Deep Learning Regression — Predicting Panel Scores from Four Dish Characteristics¶

In notebook 01 we predicted prep time from cover count with a straight line. Panel scores are harder: a dish with high acidity and high richness can be brilliant (think ceviche or a lemon- butter sauce), but high acidity paired with low richness may taste harsh. A neural network can learn that kind of interaction.

The story, extended¶

Each row is one dish from your development kitchen, described by four tasting-panel dimensions f1, f2, f3, f4 (acidity, richness, spice-heat, texture complexity) and one target y — the panel's overall score. The dimensions interact: f2 · f3 (richness × heat) creates warmth, and f1 (acidity) has a sweet-spot that depends on the other three.

Glossary — your field ↔ ML¶

Mental bridge for the deep-learning notebook. Here f1, f2, f3, f4 are four dish characteristics scored by your tasting panel — acidity (f1), richness / fat-content (f2), spice-heat (f3), and texture complexity (f4) — and y is the overall panel score (0–10).

Your field	ML term	Short bridge
Four tasting-panel dimension scores per dish	feature vector	Multiple inputs combined into one prediction.
The overall panel score (0–10)	target	What we want to predict.
A flexible dish-quality model	neural network	Stack of simple computations learning a smooth function.
Each "sub-judge" combining dimension scores	hidden layer	Intermediate stage in the network.
A nonlinear squashing applied per node	activation function	The curvy step that lets the network bend.
A piecewise-linear "silent below zero, active above"	ReLU	Cheapest, most popular nonlinearity.
Computing an overall score from dimension inputs	forward pass	Pushing inputs through the network.
Working out which dimension weights to nudge	backward pass / backpropagation	Computing the gradient of the loss.
The routine that updates weights (Adam here)	optimizer	Decides how to use the gradient.
A handful of dishes processed together each step	batch	One mini-update of the weights.
Why panel scores are not just a weighted average of dimensions	non-linearity	Real flavour interactions curve and depend on each other.

In [1]:

import numpy as np
import torch
import torch.nn as nn
import matplotlib.pyplot as plt

torch.manual_seed(0)
rng = np.random.default_rng(0)

1. The data¶

Each row is one dish your panel has already scored. The four columns are the dimension features f1, f2, f3, f4 (normalised to 0–1) and the column we want to predict is the target overall panel score y.

From one feature to many¶

We now have a feature vector per observation, not a single number. The model still produces one prediction per observation; it just has more inputs to combine.

In your field¶

Each row is one dish your panel has scored. The four features f1, f2, f3, f4 are tasting-panel dimensions — acidity, richness, spice-heat, texture complexity — rescaled to 0–1, and the target y is the panel's overall score on 0–10.

In [2]:

N = 800
X = rng.uniform(0, 1, size=(N, 4)).astype(np.float32)
f1, f2, f3, f4 = X[:, 0], X[:, 1], X[:, 2], X[:, 3]

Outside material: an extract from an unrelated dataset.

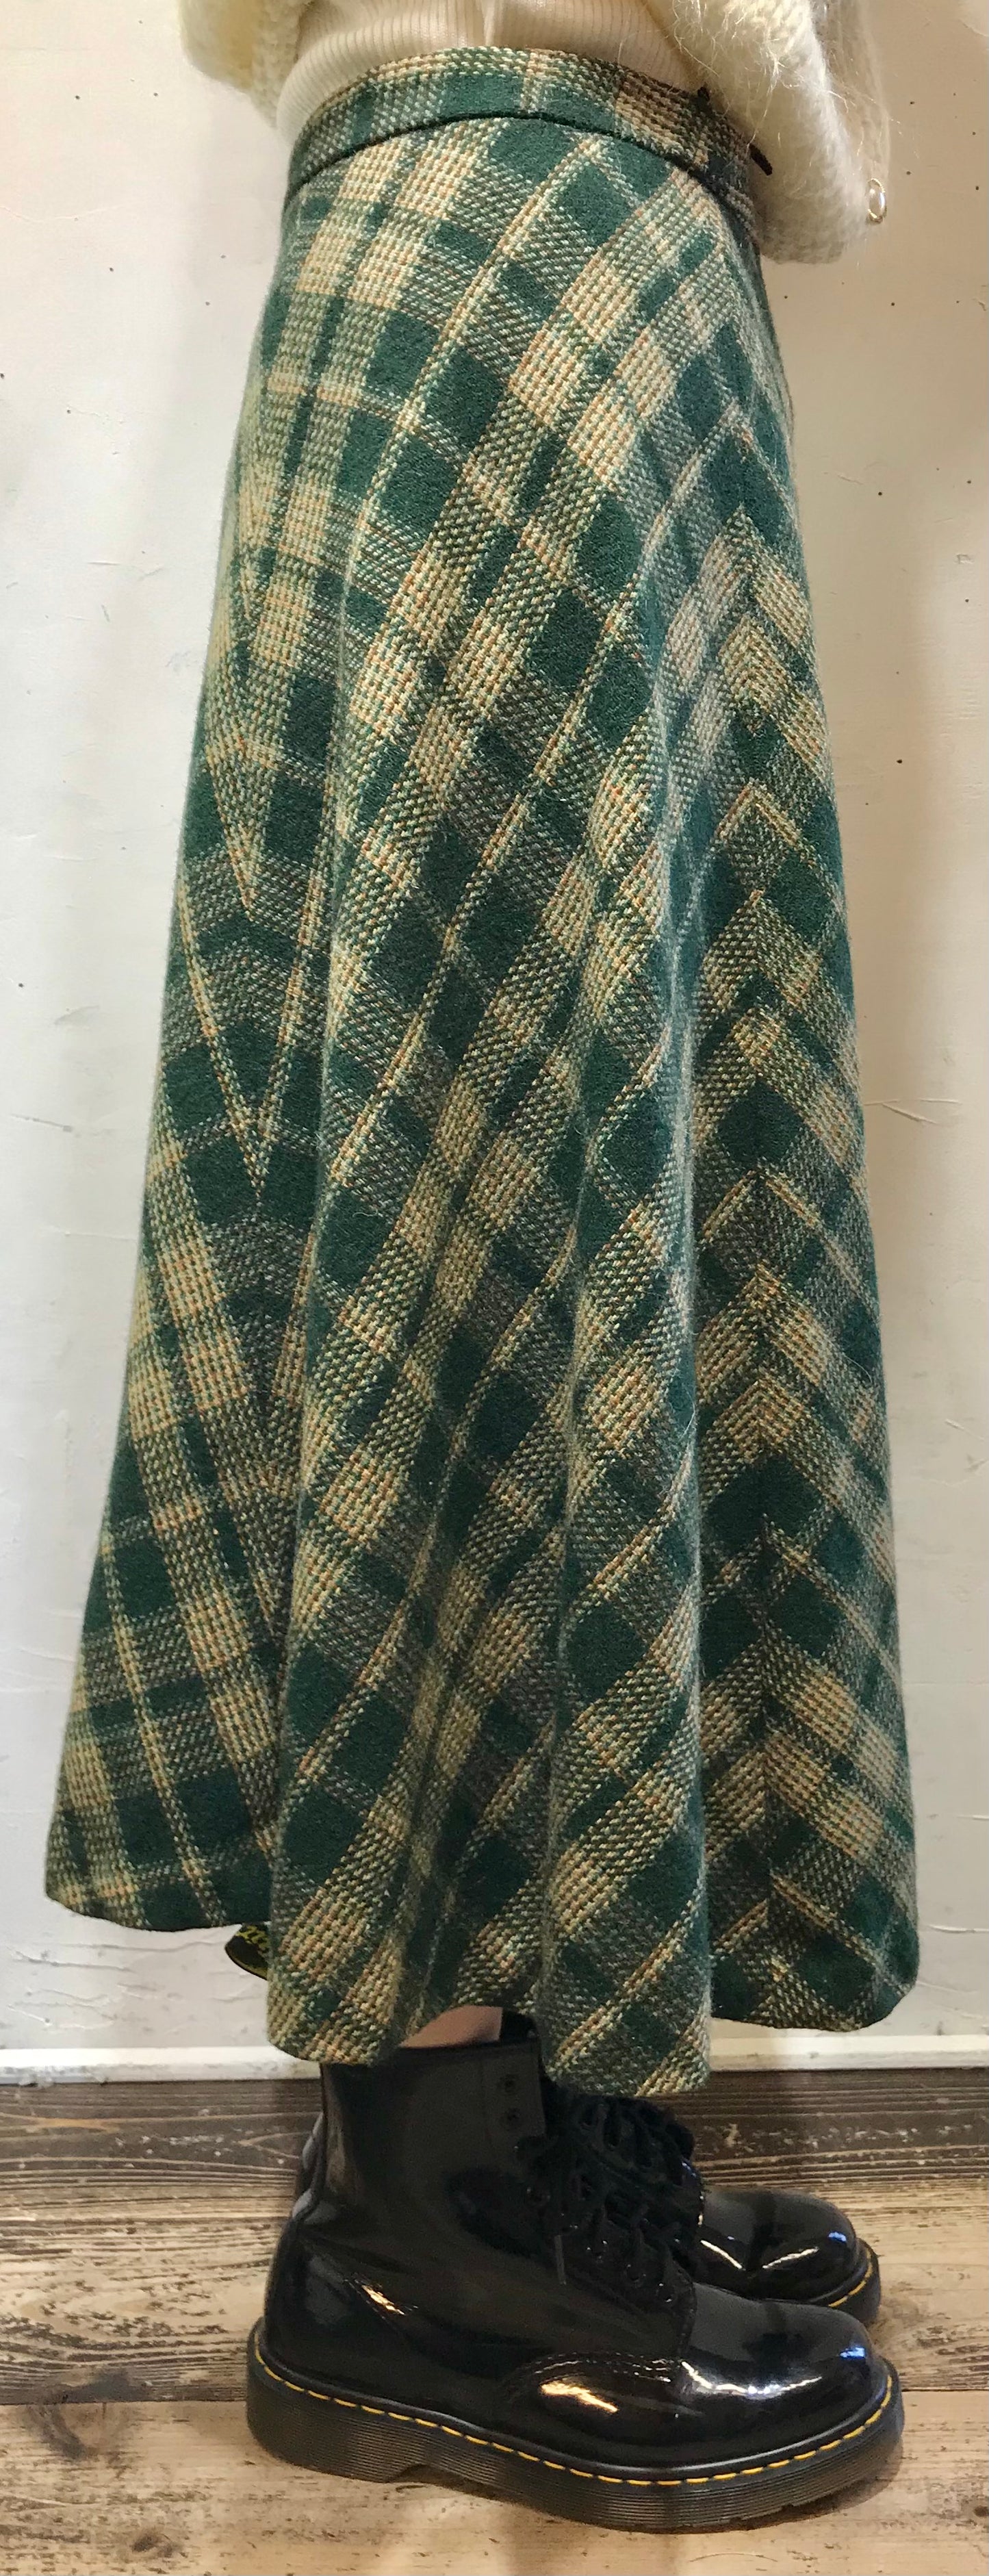 Vintage Plaid Skirt MADE IN FRANCE [A25936]

# Non-linear ground truth: a smooth function with interactions.
y_true = (
    5.0
    + 3.0 * np.sin(2 * np.pi * f1)
    + 4.0 * (f2 * f3)
    - 6.0 * (f4 - 0.4) ** 2
    + rng.normal(0, 0.3, size=N).astype(np.float32)
)
y = y_true.astype(np.float32)
X.shape, y.shape

Out[2]:

((800, 4), (800,))

A straight-line model cannot capture this — the panel score is not a simple weighted sum of the four dimensions. What we need is a model that can learn interactions between dimensions, the way a head chef mentally balances fat, acid, heat, and texture rather than scoring each in isolation.

Go deeper with an LLM (optional — skip if you already know this)¶

Prompt 1 — why nonlinearity matters

Explain in plain words why a linear regression cannot capture a
flavour-profile scoring model that has a sweet-spot in spice-heat or
interactions between acidity and richness, but a small neural network
with ReLU activations can. Give a concrete two-dimension toy example.
Keep the answer to ~5 minutes of reading so I can return to my
notebook.

Prompt 2 — hidden layers as flavour interactions

A "hidden layer" in a neural network mixes input features into
intermediate variables. If my inputs are four dish-dimension scores,
what kinds of mixtures might a hidden layer discover that look like
the classic flavour-pairing rules a chef uses? Keep the answer to ~5
minutes of reading so I can return to my notebook.

2. The model — a small neural network¶

A neural network stacks layers of simple computations. Each hidden layer computes h = activation(W · x + b), where W and b are learnable weights and bias and the activation function is a non-linearity such as ReLU ($\text{ReLU}(z) = \max(0, z)$). Without an activation function, stacking layers would still only give you a linear model.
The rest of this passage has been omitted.